> RAW DATA

==================================================

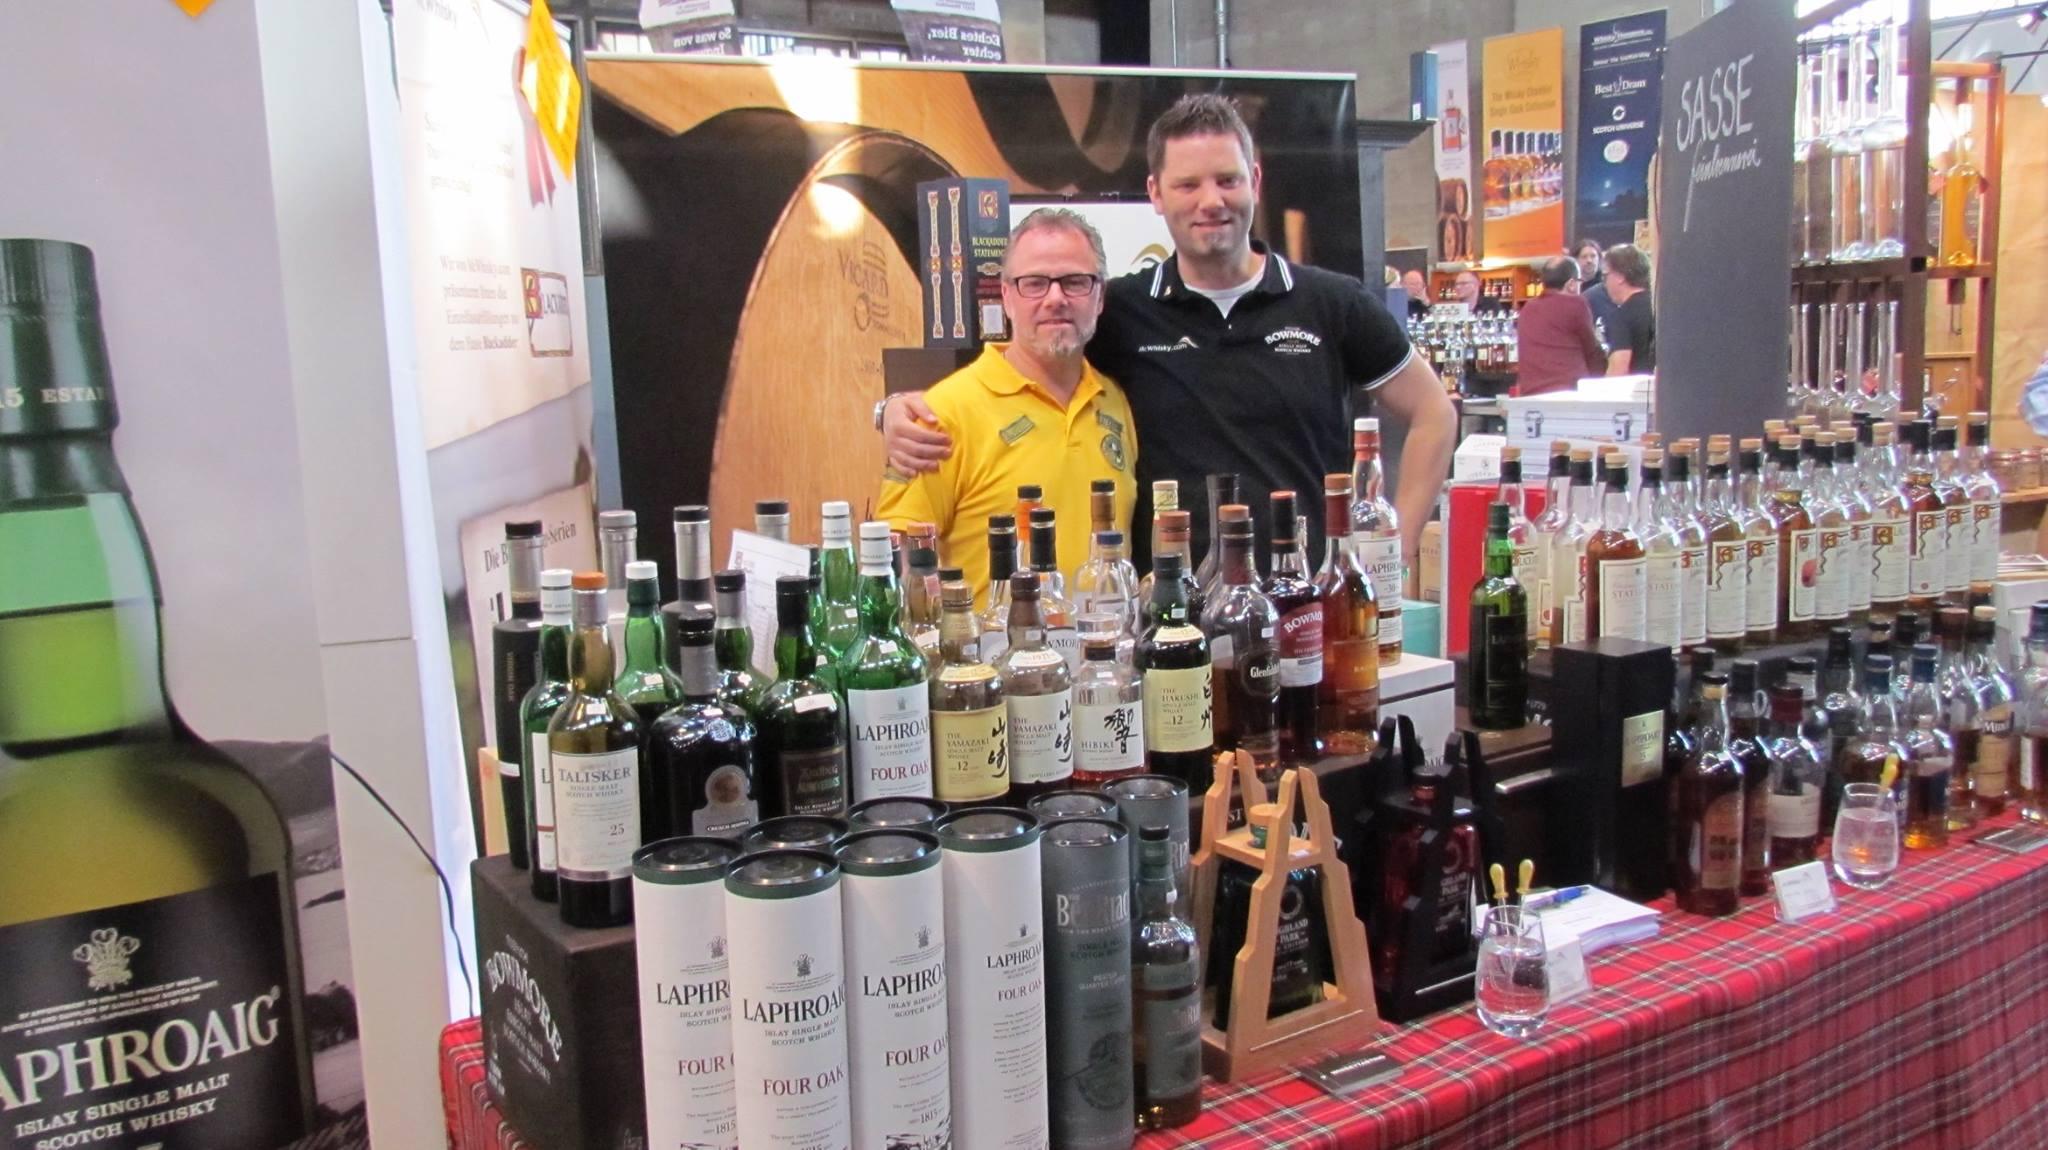 Whiskyfair Rhein Ruhr 2017 1
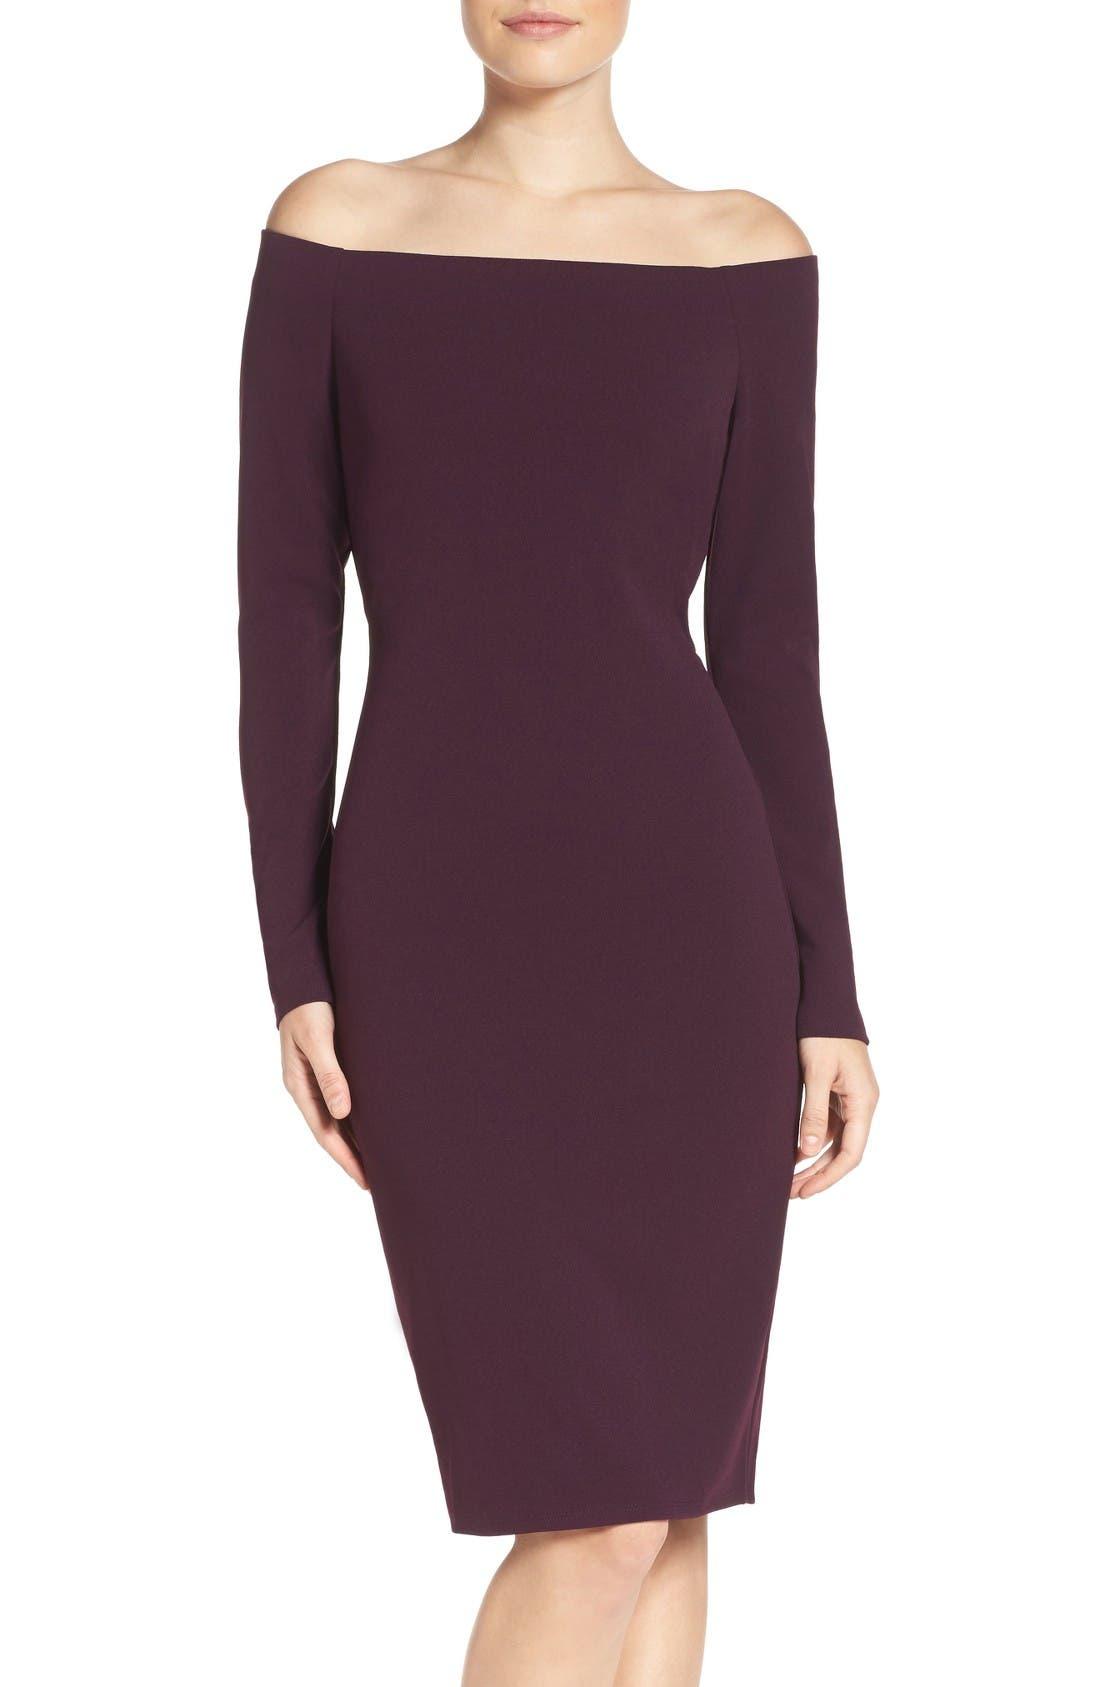 Alternate Image 1 Selected - Eliza J Off the Shoulder Scuba Sheath Dress (Regular & Petite)
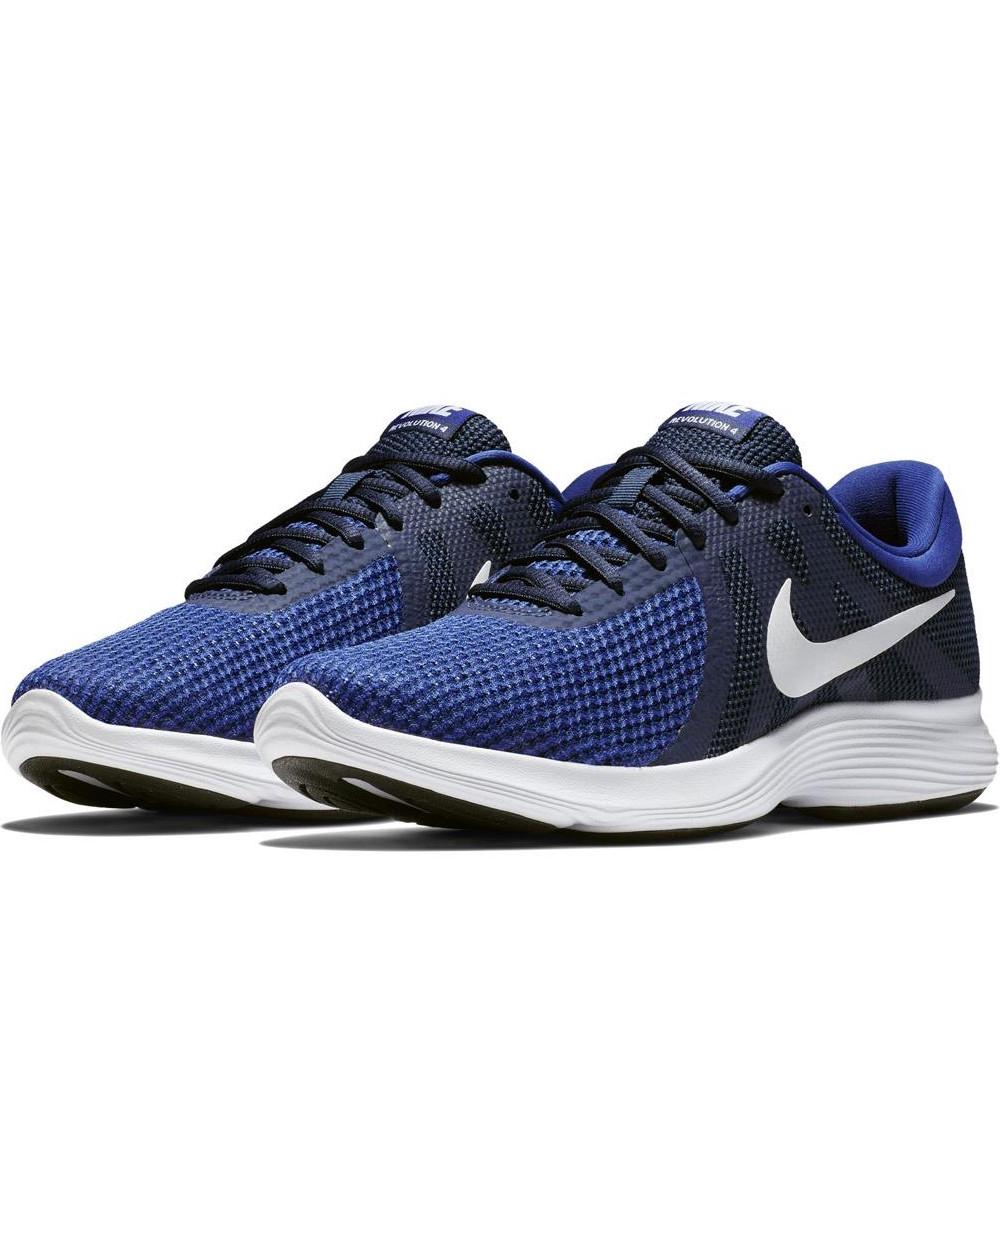 Ginnastica Palestra Sneakers Scarpe Revolution Running Jogging Nike Hgxaq

==================================================

> EXERCISE OBJECTIVE
Would you return the data above exactly as written, minus the images?

> EXERCISE ANSWER
 Whiskyfair Rhein Ruhr 2017 1
 Alternate Image 1 Selected - Eliza J Off the Shoulder Scuba Sheath Dress (Regular & Petite)
 Ginnastica Palestra Sneakers Scarpe Revolution Running Jogging Nike Hgxaq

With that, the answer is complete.